- Mark as New
- Bookmark Message
- Subscribe to Message
- Mute Message
- Subscribe to RSS Feed
- Permalink
- Report Inappropriate Content
I have this kind of log:
Mar 18 02:32:19 MachineName python3[948]: DEBUG:root:... Dispatching: {'id': '<id>', 'type': 'threat-detection', 'entity': 'threat', 'origin': '<redacted>', 'nature': 'system', 'user': 'system', 'timestamp': '2025-03-17T19:32:17.974Z', 'threat': {'id': '<redacted_uuid>', 'maGuid': '<redacted_guid>', 'detectionDate': '2025-03-17T19:32:17.974Z', 'eventType': 'Threat Detection Summary', 'threatType': 'non-pe-file', 'threatAttrs': {'name': '<filename>.ps1', 'path': 'C:\\Powershell\\Report\\<filename>.ps1', 'md5': '<redacted_hash>', 'sha1': '<redacted_hash>', 'sha256': '<redacted_hash>'}, 'interpreterFileAttrs': {'name': 'powershell.exe', 'path': 'C:\\Windows\\System32\\WindowsPowerShell\\v1.0\\powershell.exe', 'md5': '097CE5761C89434367598B34FE32893B', 'sha1': '044A0CF1F6BC478A7172BF207EEF1E201A18BA02', 'sha256': 'BA4038FD20E474C047BE8AAD5BFACDB1BFC1DDBE12F803F473B7918D8D819436'}, 'severity': 's1', 'rank': '100', 'score': '50', 'detectionTags': ['@ATA.Discovery', '@ATA.Execution', '@ATE.T1083', '@ATE.T1059.001', '@MSI._apt_file_psgetfiles', '@ATA.CommandAndControl', '@ATE.T1102.003', '@MSI._process_PS_public_repos', '@MSI._process_ps_getchilditem', '@ATE.T1105', '@ATE.T1071.001', '@MSI._process_pswebrequest_remotecopy', '@ATA.DefenseEvasion', '@ATE.T1112', '@MSI._reg_ep0029_intranet'], 'contentVersion': None}, 'firstDetected': '2025-03-17T19:32:17.974Z', 'lastDetected': '2025-03-17T19:32:17.974Z', 'tenant-id': '<redacted_tenant_id>', 'transaction-id': '<redacted_transaction_id>'}
The "Dispatching" I want it to be a required text, so only log that have this keywork would I apply transforming.

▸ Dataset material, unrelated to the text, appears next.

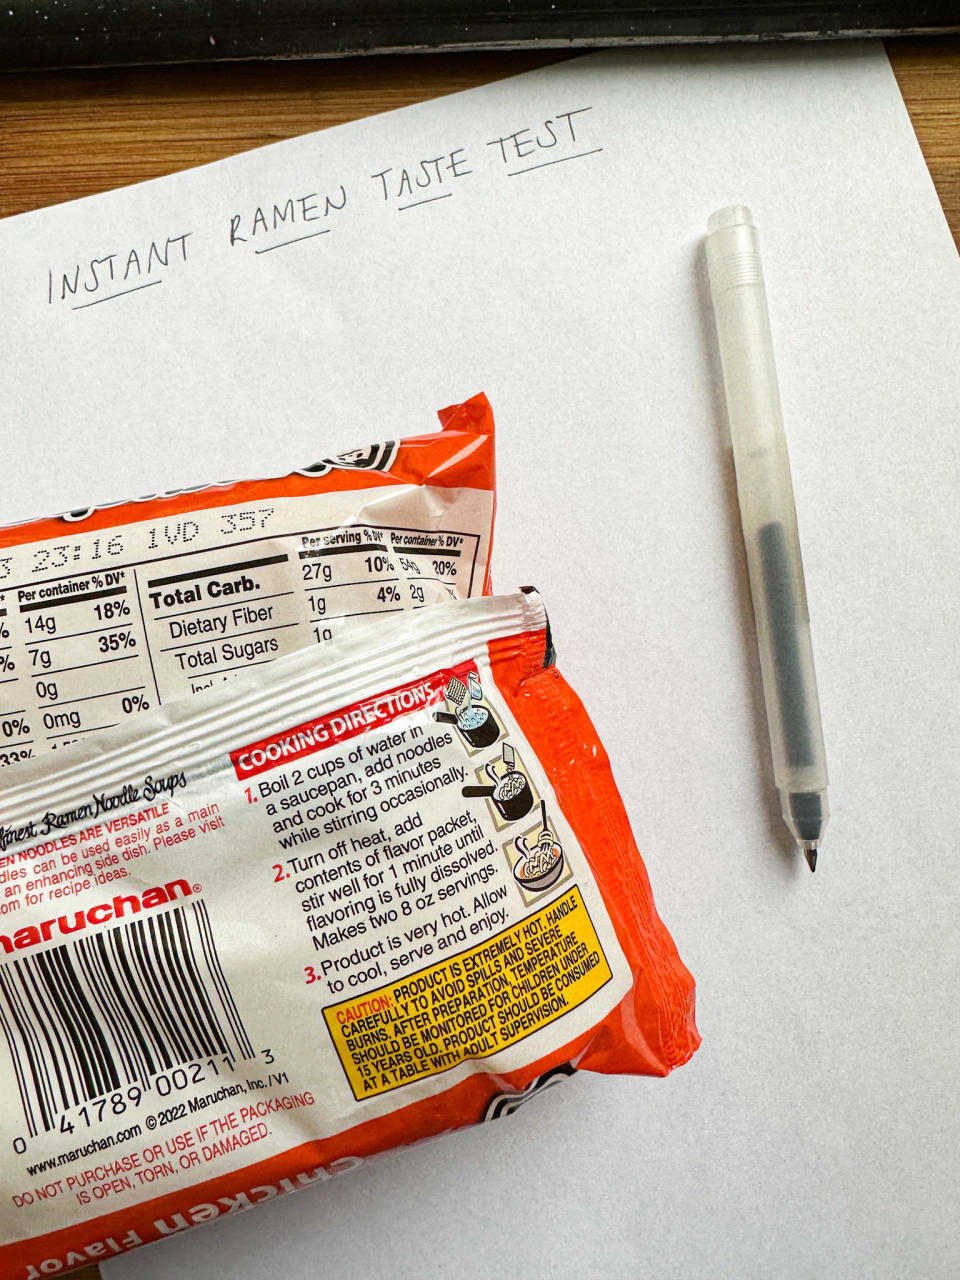 packet of ramen, instant ramen taste test written on paper, with pen on top

I want to parse the JSON part so I can use its fields, like json_data.threatAttrs.name.
Any suggestions? I tried the regex editor UI, but it broke down since it couldn't differentiate the "name" fields, since the same field name appeared. So I am thinking of using props.conf and transforms.conf, but I don't know how.

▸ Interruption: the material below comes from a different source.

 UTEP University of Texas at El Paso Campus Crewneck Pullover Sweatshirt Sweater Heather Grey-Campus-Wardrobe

Any help would be appreciated!
- Mark as New
- Bookmark Message
- Subscribe to Message
- Mute Message
- Subscribe to RSS Feed
- Permalink
- Report Inappropriate Content
Hi,
One option would be to :
1 - Get rid of whatever data is being before the valid JSON
For the example you posted, we can ask Splunk to delete this :
Mar 18 02:32:19 MachineName python3[948]: DEBUG:root:... Dispatching:
I'd use this in a props.conf :
SEDCMD-removeheader=s/.*DEBUG:root:\.\.\. Dispatching: //g
2- Replace simple quotes with double quotes.
Still in the props.conf :
SEDCMD-replace_simple_quotes=s/'/"/gs
3- Activate the kv_mode=auto in order to extract the JSON fields:
KV_MODE=json
The props.conf could look like this :
[custom_sourcetype]
SHOULD_LINEMERGE=false
LINE_BREAKER=([\r\n]+)
NO_BINARY_CHECK=true
CHARSET=UTF-8
category=Custom
pulldown_type=true
SEDCMD-removeheader=s/.*DEBUG:root:\.\.\. Dispatching: //g
SEDCMD-replace_simple_quotes=s/'/"/g
KV_MODE=json
It works in my lab.
Best,
Ch.
- Mark as New
- Bookmark Message
- Subscribe to Message
- Mute Message
- Subscribe to RSS Feed
- Permalink
- Report Inappropriate Content

Unfortunately, your data is of the "ugly" kind - json content with additional non-json elements. So you cannot use native json parsing.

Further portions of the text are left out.